Saturday, December 15, 2018

Gypsy Omnibus review

by RM Rhodes

During the late 1990s and early 2000s, Heavy Metal ran six stories by Thierry Smolderen and Enrico Marini. The first of these, titled The Gypsy Star, was an immediate hit and was followed by the rest of the series over almost the course of a decade.

The art was the obvious draw of the story. Realistic, with an obvious manga influence, Marini could provide a cartoon flip to his line when it was necessary. The color scheme usually balanced a very orange red and a cool blue. The sequential storytelling was often clever and made for a compulsively readable feature.

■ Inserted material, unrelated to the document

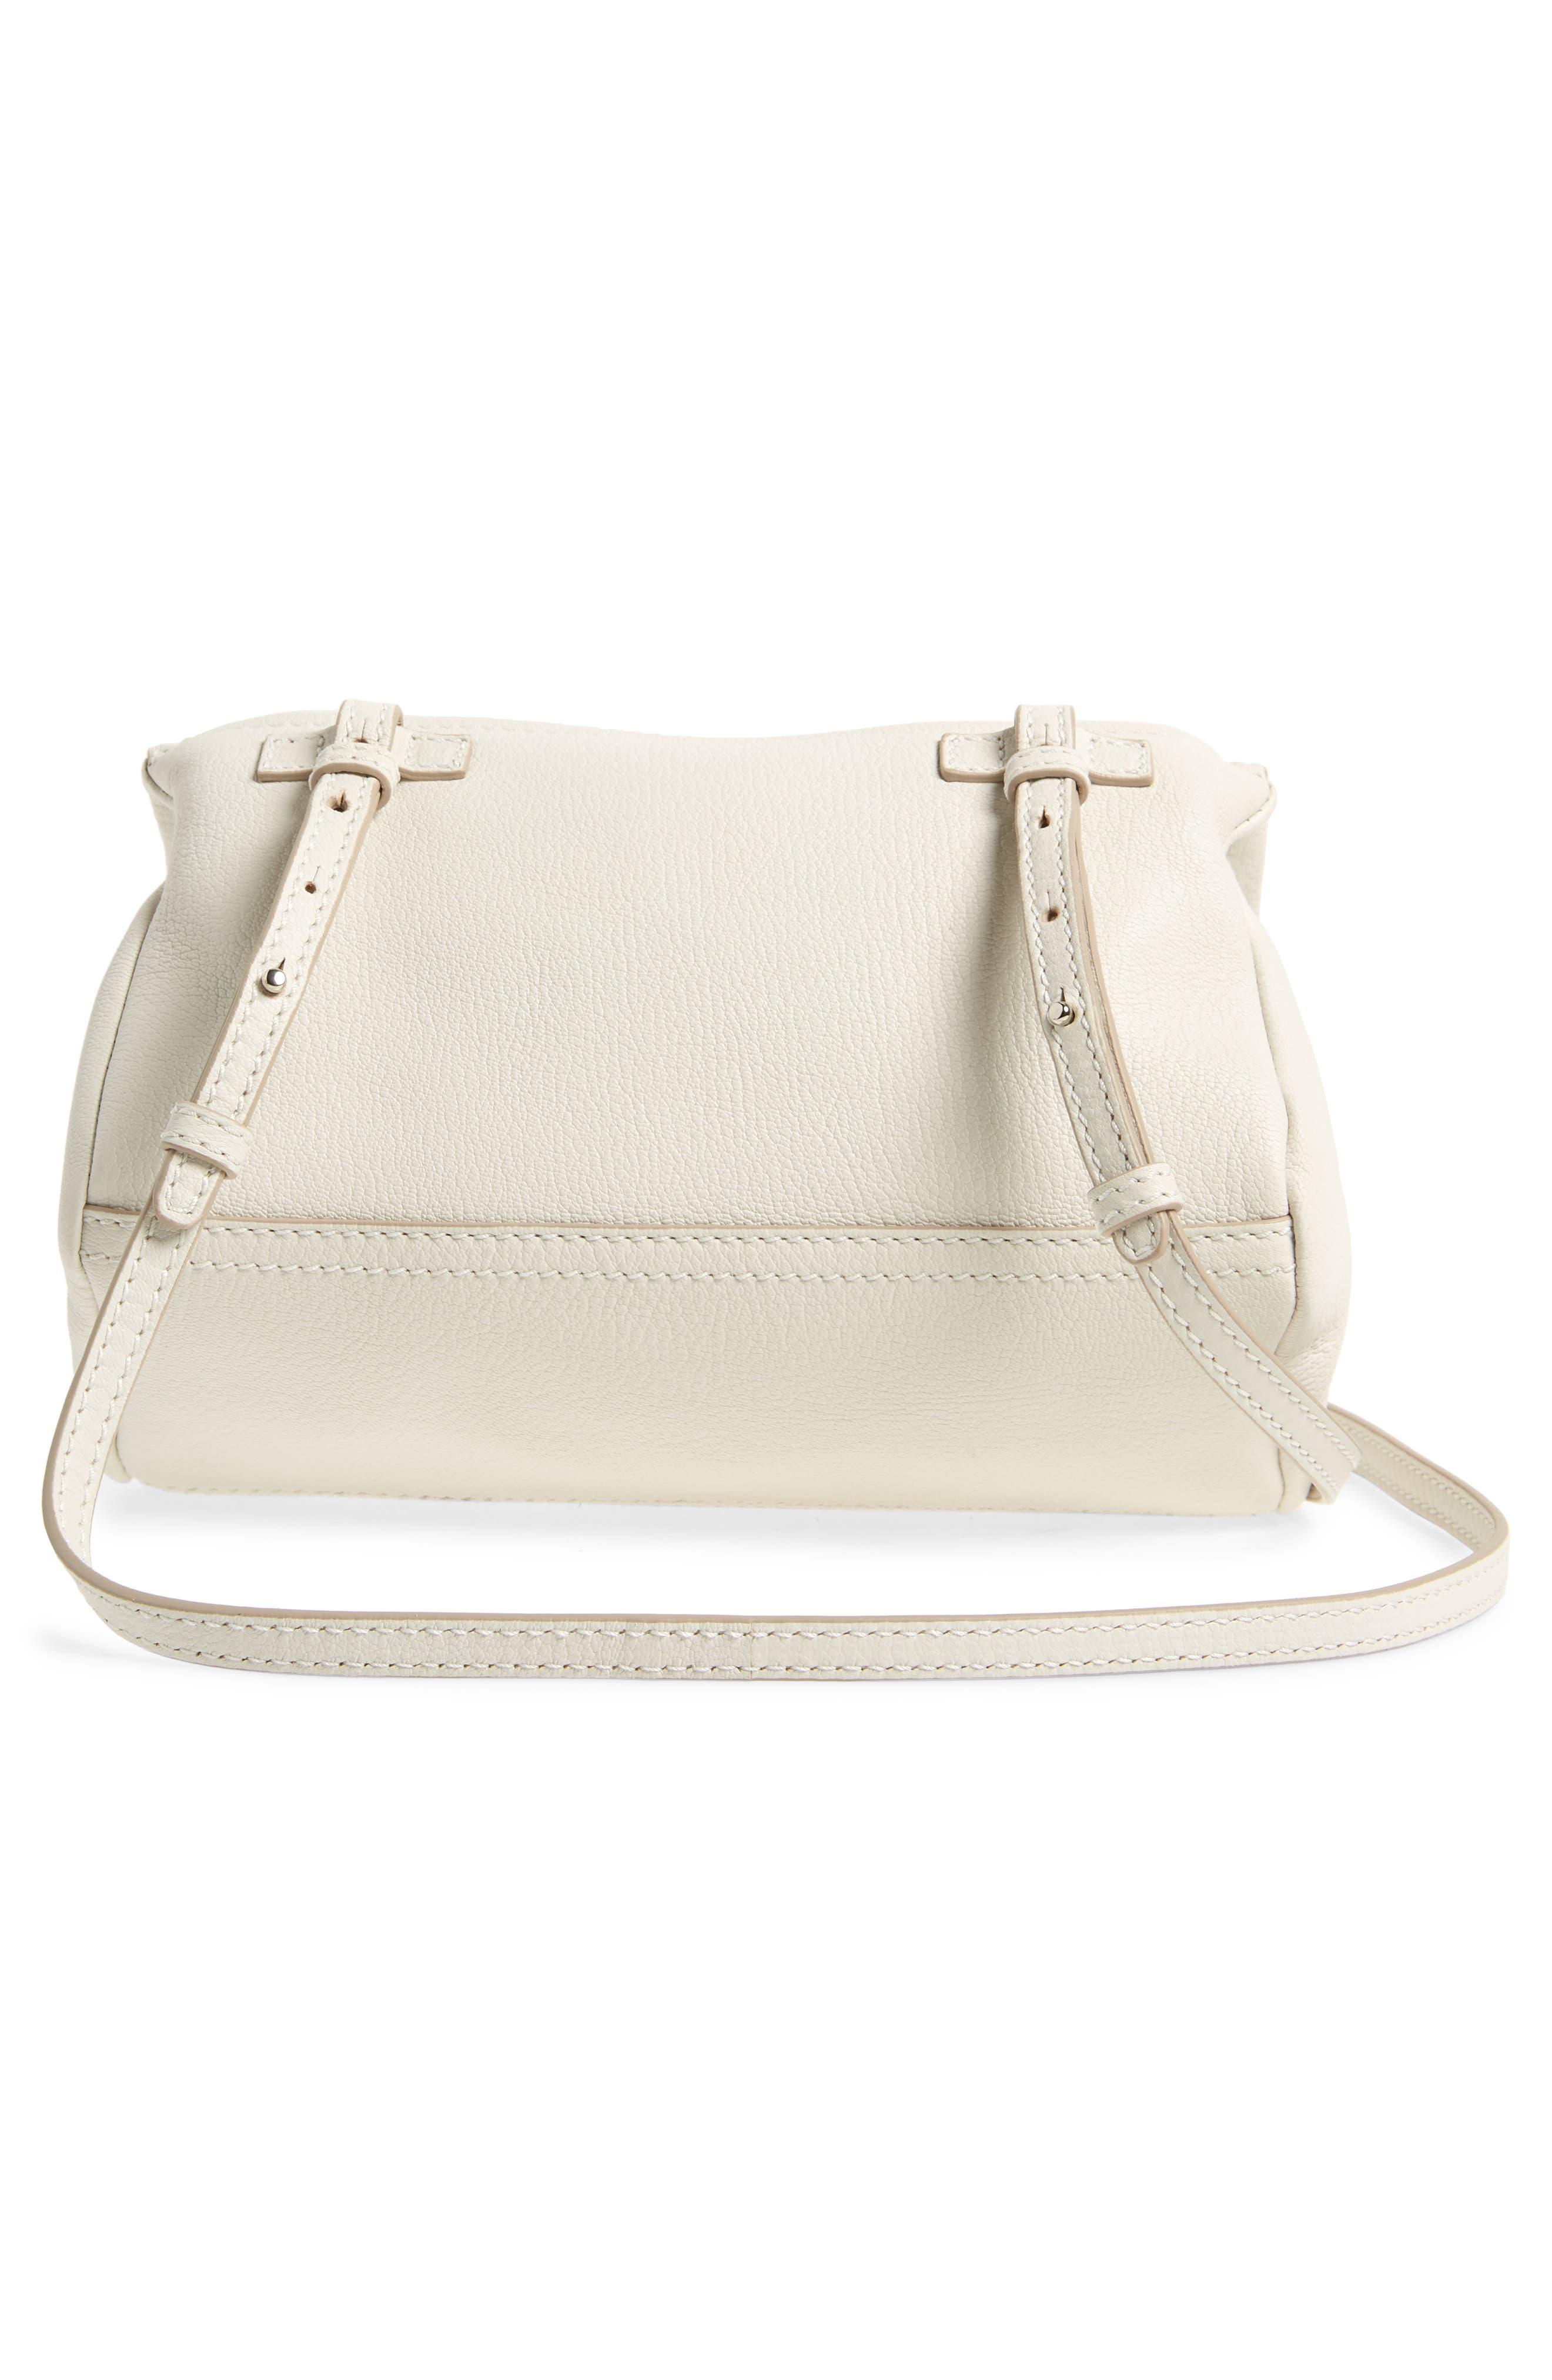 'Mini Pandora' Sugar Leather Shoulder Bag,                             Alternate thumbnail 3, color,                             WHITE

The main character is called The Gypsy in the first series and Tsaigoi thereafter. He drives his eighteen wheel truck across a futuristic highway that spans the world. Sometimes he’s with his sister, sometimes he’s with other family members, and sometimes he’s alone. It’s a Mad Max setup with an unfortunate ethnic label and none of the pesky fuel shortage limitations.

Tsaigoi is an enthusiastic participant in capitalism. All of the stories are about him driving his truck through a problem area and getting caught up in local events, to his dismay. In every case, the stakes of the story are commercial in nature. And when it is called for, Tsaigoi will strap on his guns and take the fight to the people standing in the way of him getting his product to his customers.

Easily the best of these stories is a yarn about a caper in Germany during the final World Cup game between Germany and France. Germany loses badly due to a penalty shot 45 seconds into the game. Much comedy is made from this state of affairs and, in the end, Tsaigoi’s commercial instincts prove to be very very solid.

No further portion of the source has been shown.